§ **INFORMATION SHOWN**:
——————

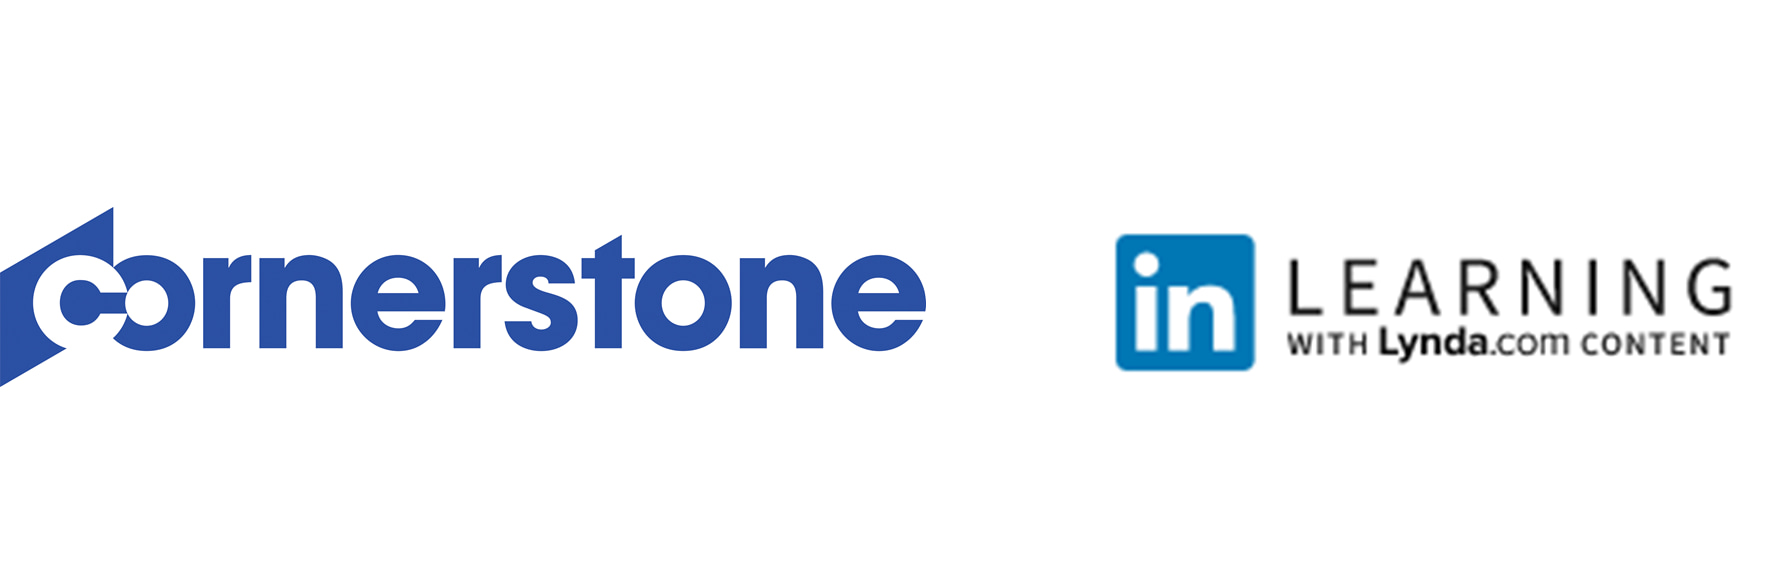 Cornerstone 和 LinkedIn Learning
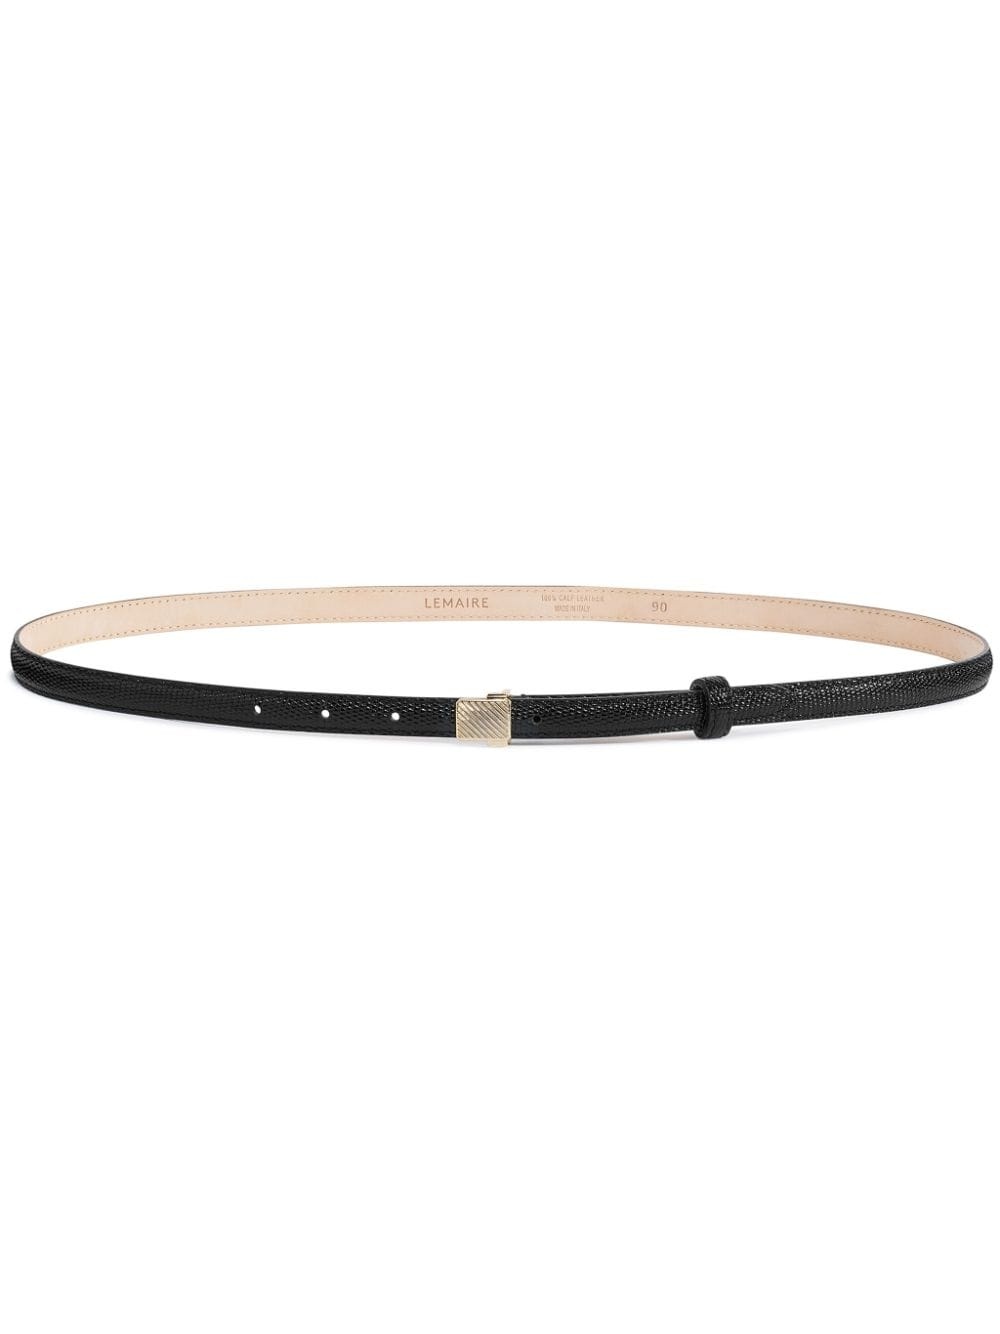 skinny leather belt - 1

——————

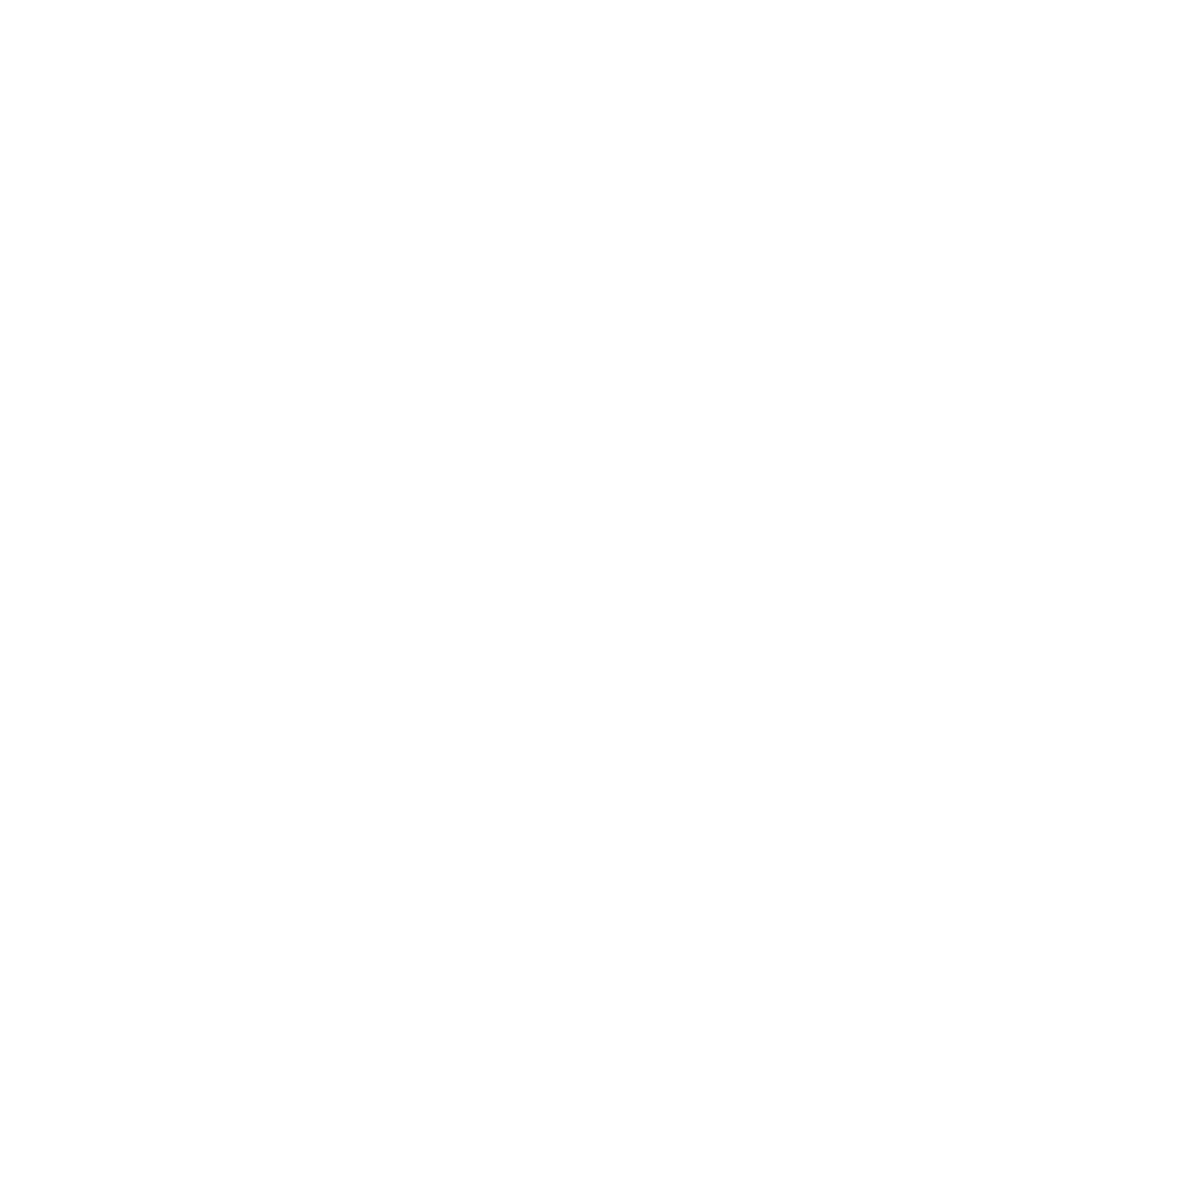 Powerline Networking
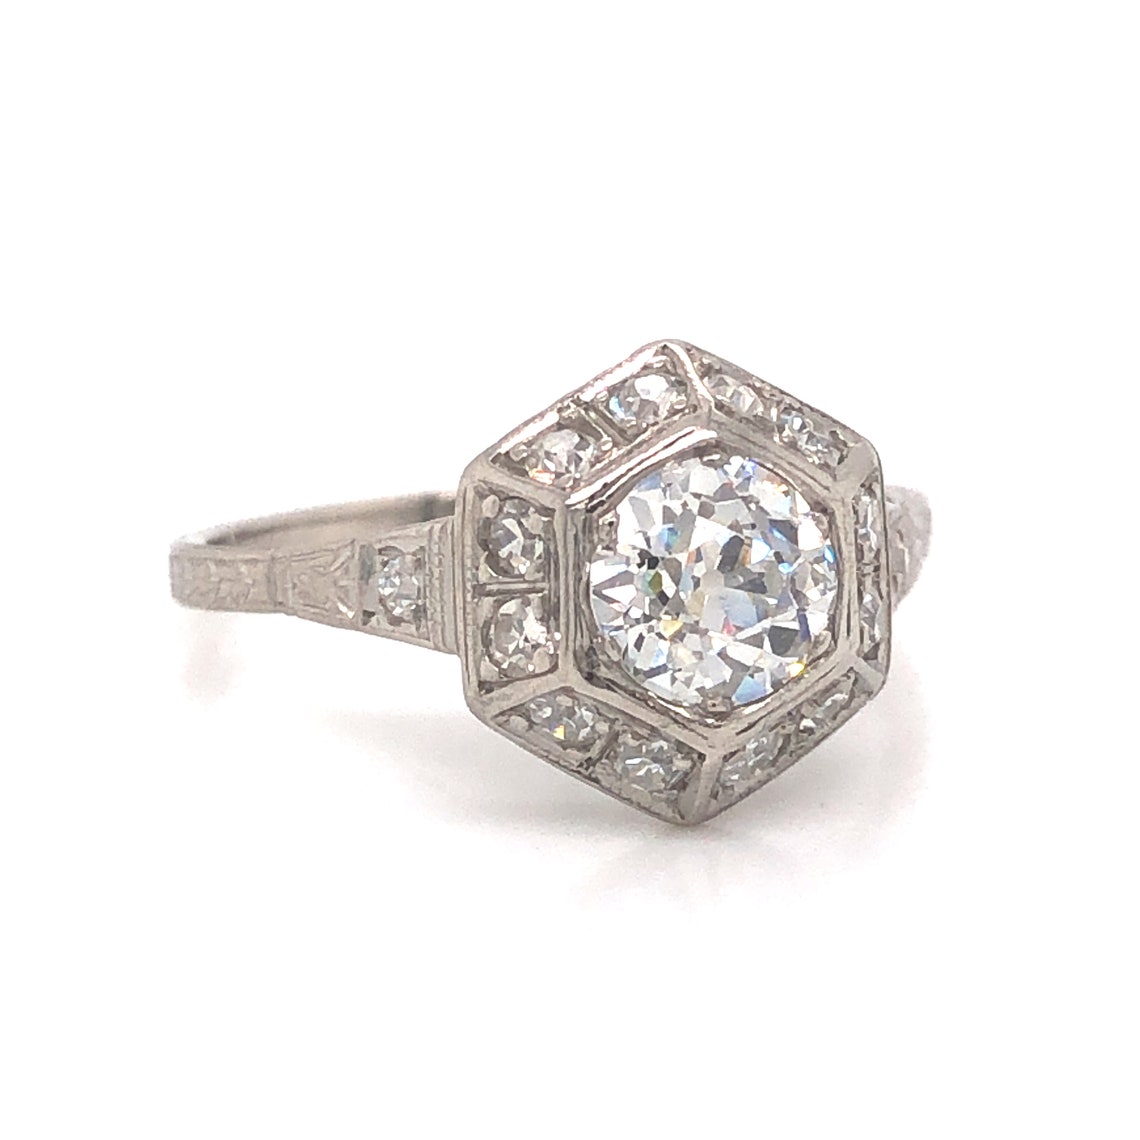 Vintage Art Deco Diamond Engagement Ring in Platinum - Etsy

——————

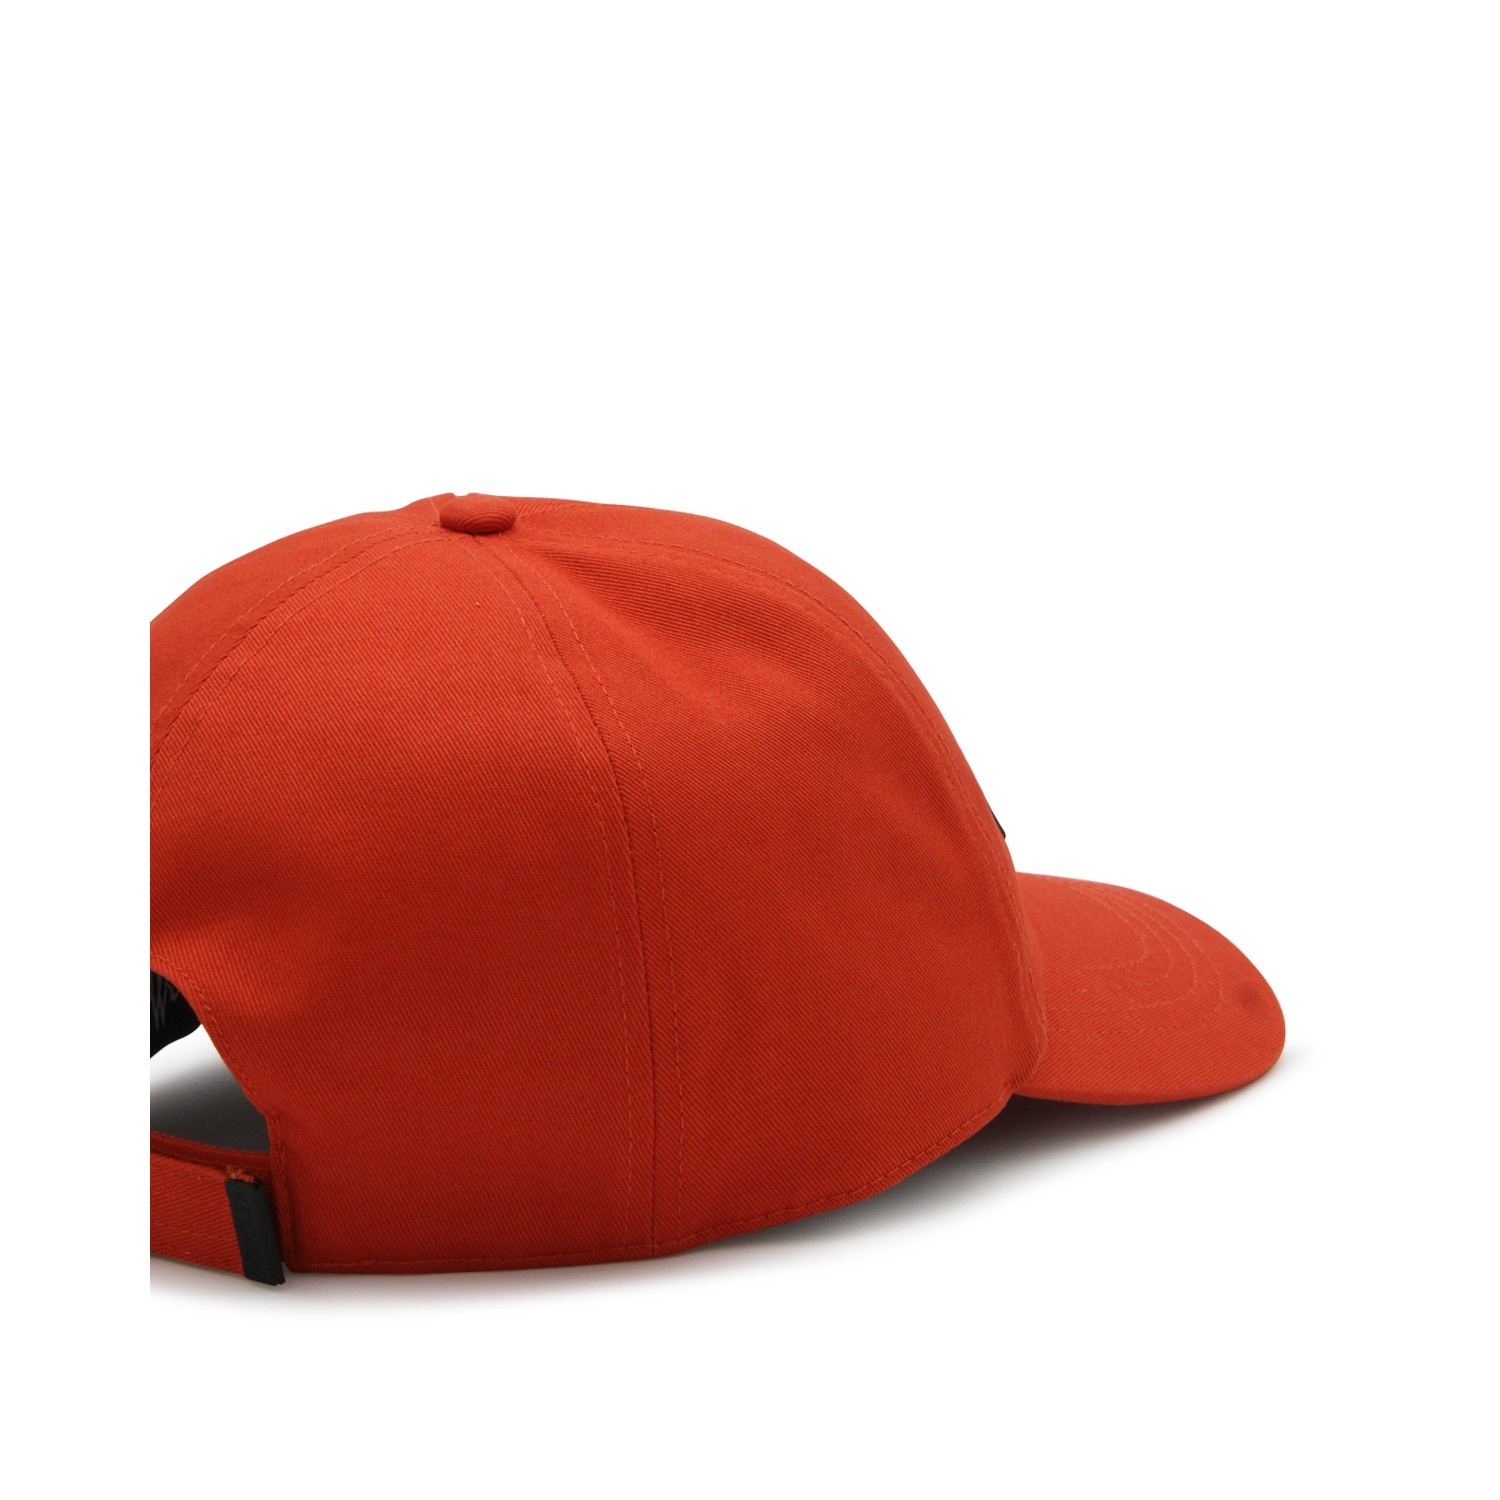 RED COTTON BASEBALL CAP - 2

——————

§ **ASSIGNED TASK**: Starting at the line containing "Cornerstone 和 LinkedIn Learning" and stopping at the line containing "skinny leather belt - 1", output each line exactly as it appears above. Leave out the pictures.

§ **RESPONSE TO THE TASK**:
 Cornerstone 和 LinkedIn Learning
 skinny leather belt - 1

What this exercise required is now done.